‘’Emekleyerek başladı hayata ve ilk adımını attı. İlk adımları, ilk sözleri, ilk gülümsemesi, anne-baba deyişi alkışlandı. Yapabildiği bütün bu şeyler karşısında mutluluk duydu sevenleri. Sonra elinden tutulmadan yürümeyi, koşmayı öğrendi. O koşarken zaman da koştu ardı sıra, hatta zamana yetişmek mümkün olmadı hiç.
Yaşlandı…Durmadan akıp giden zaman yapabildiklerini yapamaz hale getirdi. İşte o günden sonra, koluna birisi girmeden yürüyemediği o günden itibaren kimse adım atabildiği için onu alkışlamadı. İlk yürüdüğü zamanki kadar sevimli değildi çünkü. Zamana karşı yenik düşmüş bedeni, rahatça yemeğini dahi yiyemediği protez dişleri, dünyayı eskisi kadar net göremediği gözlükleri, kulağına taktığı kulaklığıyla artık sıkıcı bir bebekti o. Birlikte yaşadığı insanlar için yük olmaktan dolayı üzülen, eski gücünü kaybettiği için sinirlenen ve bazen kahreden bir psikoloji ile hayata karşı eski heyecanını kaybeden bir ihtiyardı şimdi.
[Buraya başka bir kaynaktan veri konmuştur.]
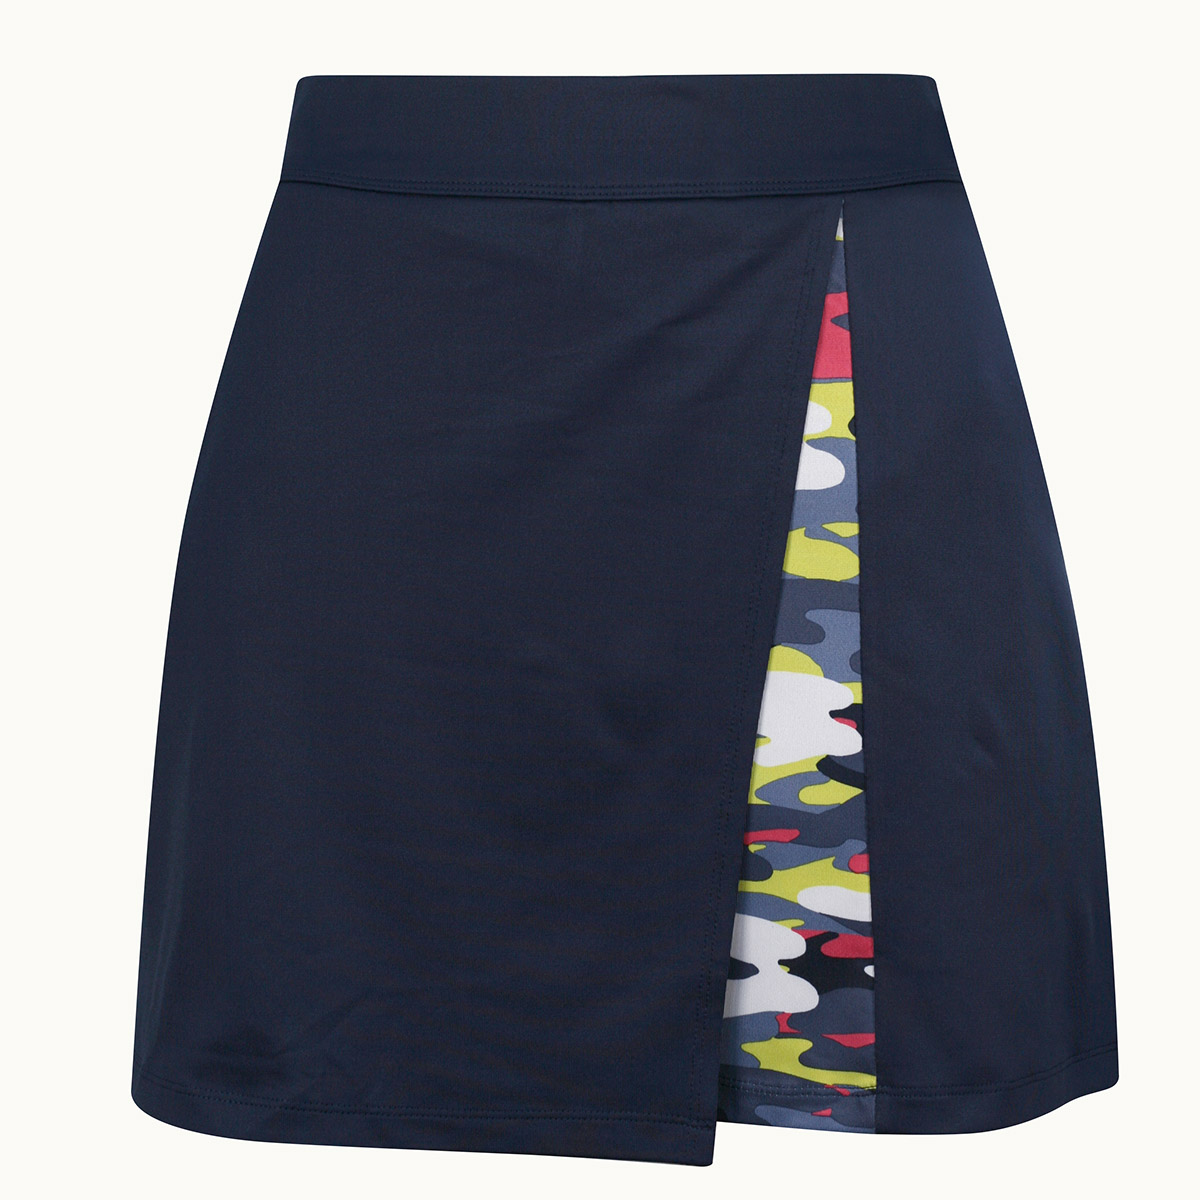 Callaway Multi-Colour Camo Wrap dámská golfová sukně, tmavě modrá, vel. M

Başkalarına nazaran hayatın neresinde olduğunu çok iyi biliyordu. Şu andan itibaren itilip kakılmadan, acı çekmeden huzurlu ve mümkünse mutlu yaşamak, tecrübelerini birileri ile paylaşmak onlara fayda sağlamak istiyordu ömrünün son nefesine dek.”
Bu insanlar bizim annelerimiz babalarımız, büyükanne ve büyükbabalarımız; bizim yaşlılarımız, bizim değerlerimiz. Onların yaşam kalitesini arttırmak ve bakım ihtiyaçlarını karşılamak hepimizin hem bireysel hem toplumsal sorumluluğudur.